■ EXERCISE:
The whole listing is to be given again without alteration, except that its pictures are dropped.

■ DATA SECTION:
____
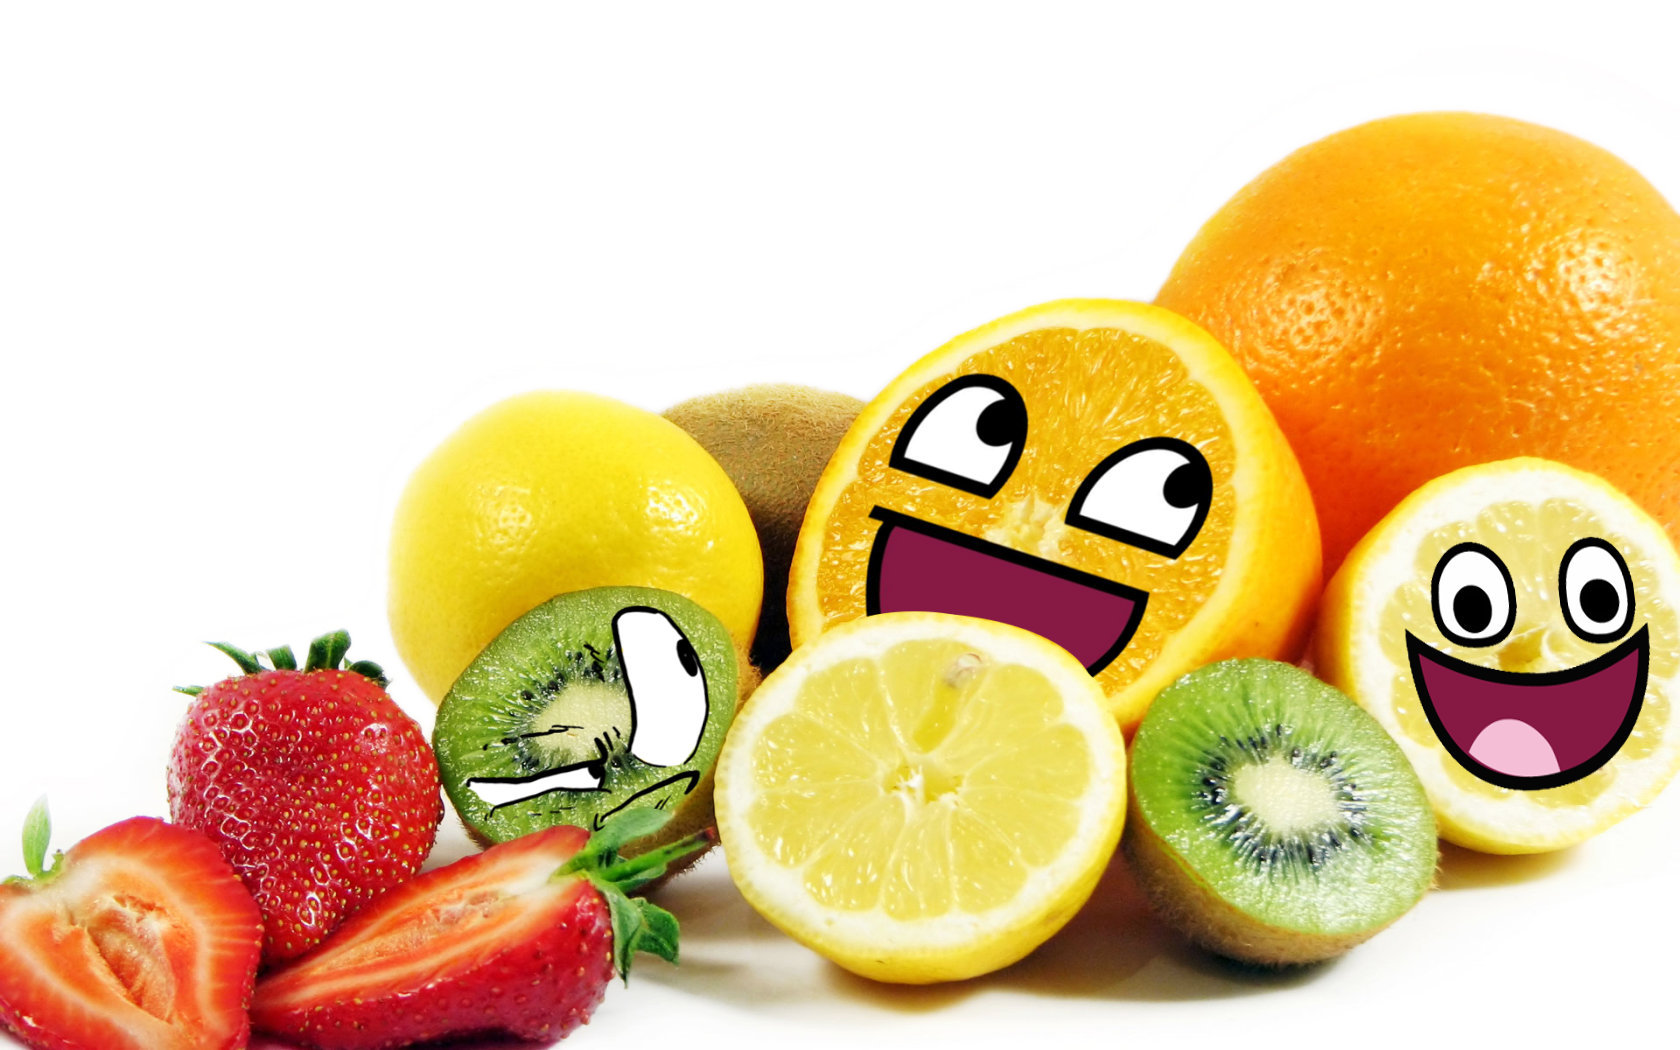 New Lock Screen Wallpapers humor, smiley, fruit, orange (color)
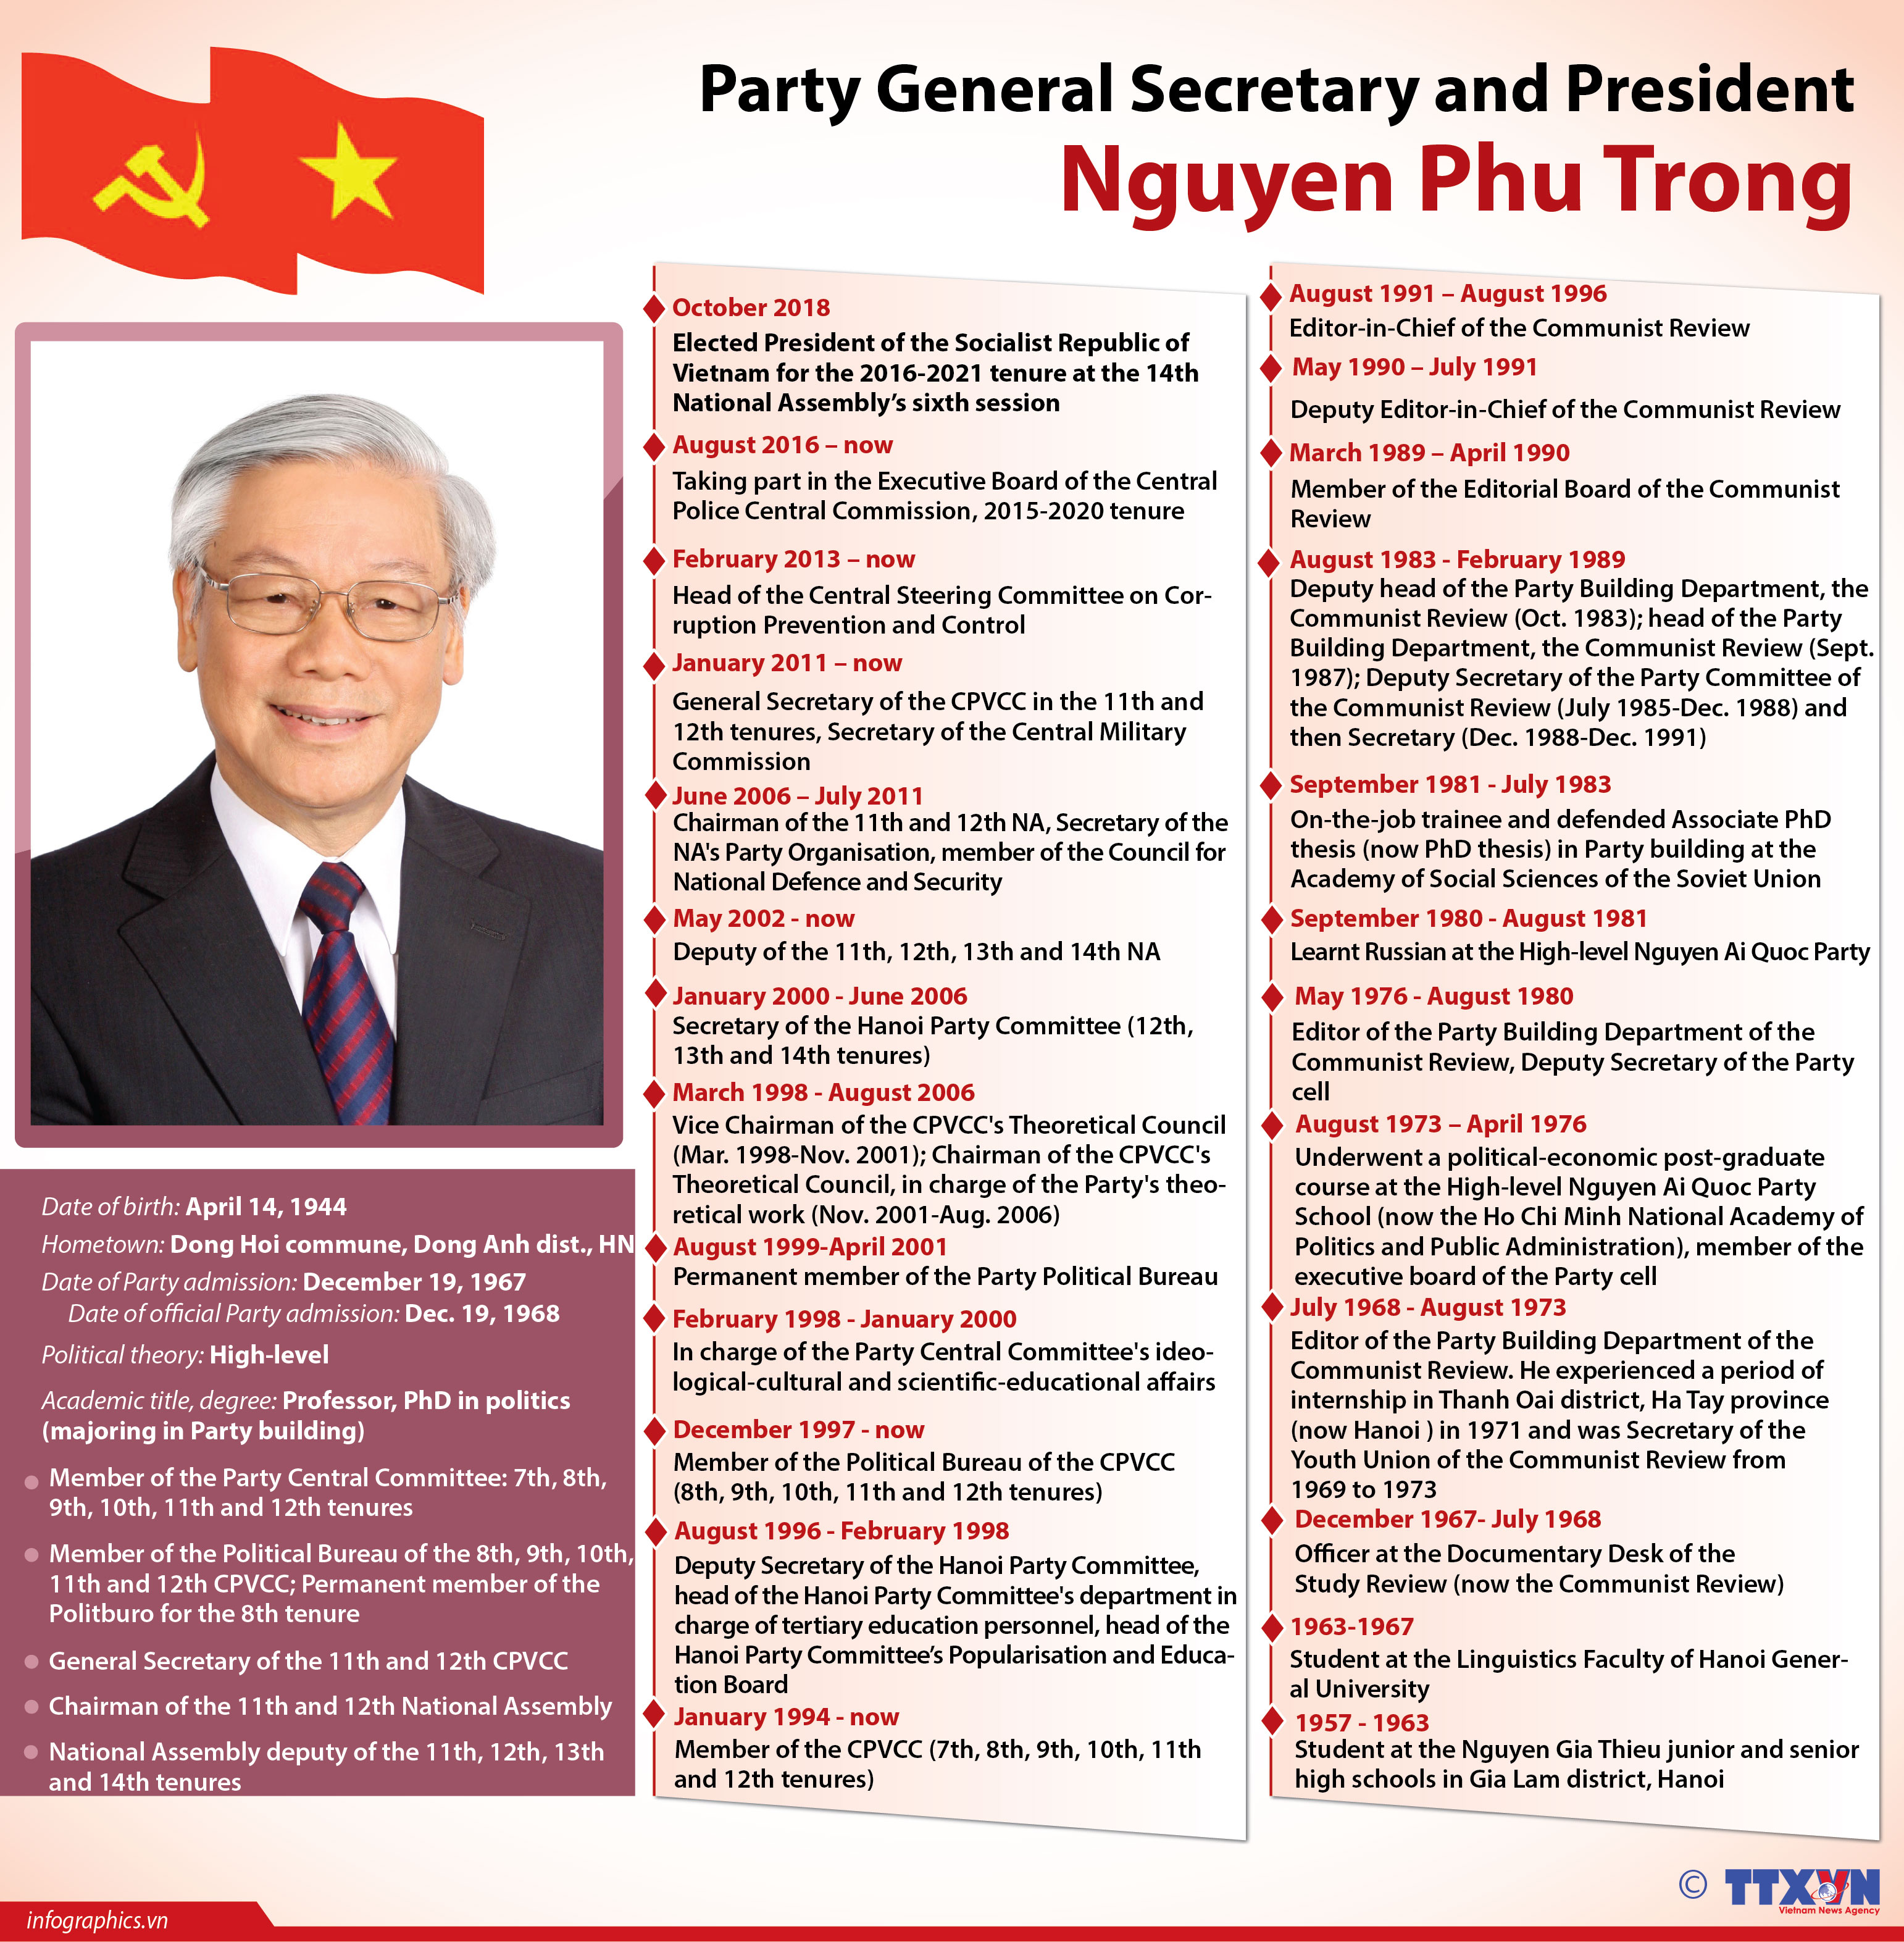 Party_general_secretary_and_president_nguyen_phu_trong_Rubybbb.jpg
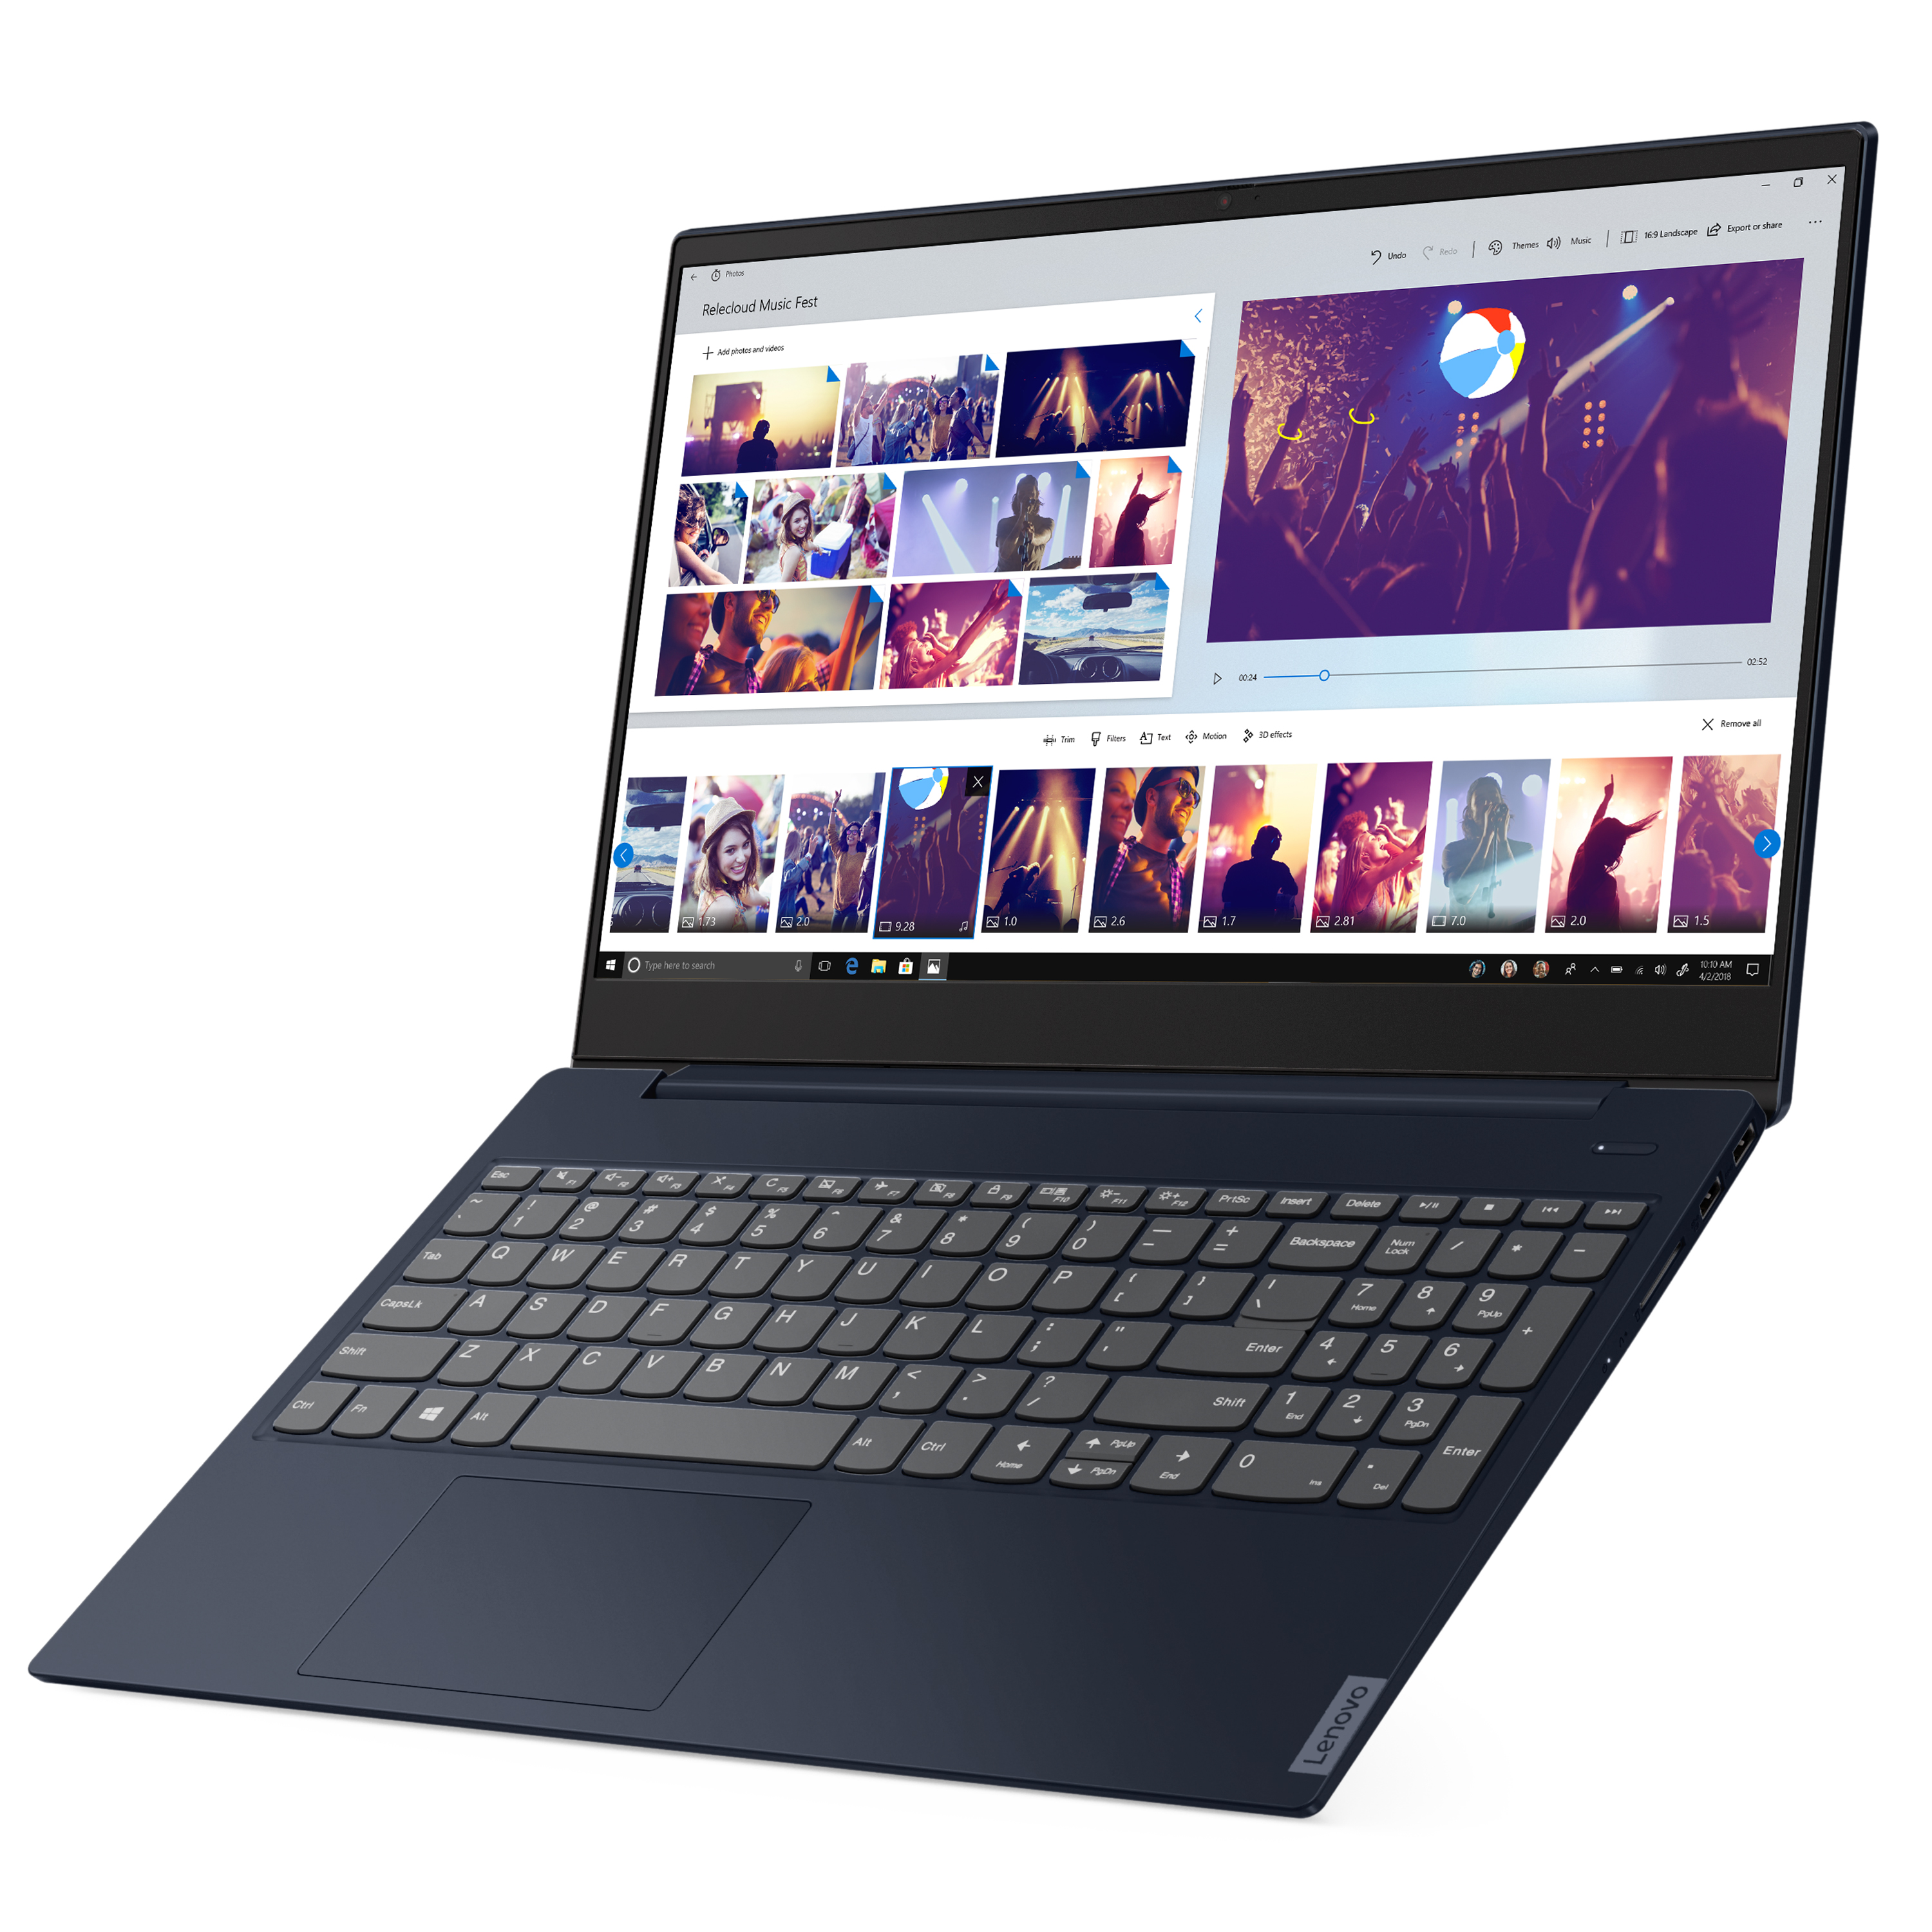 Lenovo ideapad S340 ( 81N800H2US) 15.6″ Laptop with 8th Gen Core i5 Quad-Core, 8GB RAM, 128GB SSD
____
■ RESULT OF THE EXERCISE:
 New Lock Screen Wallpapers humor, smiley, fruit, orange (color)
 Party_general_secretary_and_president_nguyen_phu_trong_Rubybbb.jpg
 Lenovo ideapad S340 ( 81N800H2US) 15.6″ Laptop with 8th Gen Core i5 Quad-Core, 8GB RAM, 128GB SSD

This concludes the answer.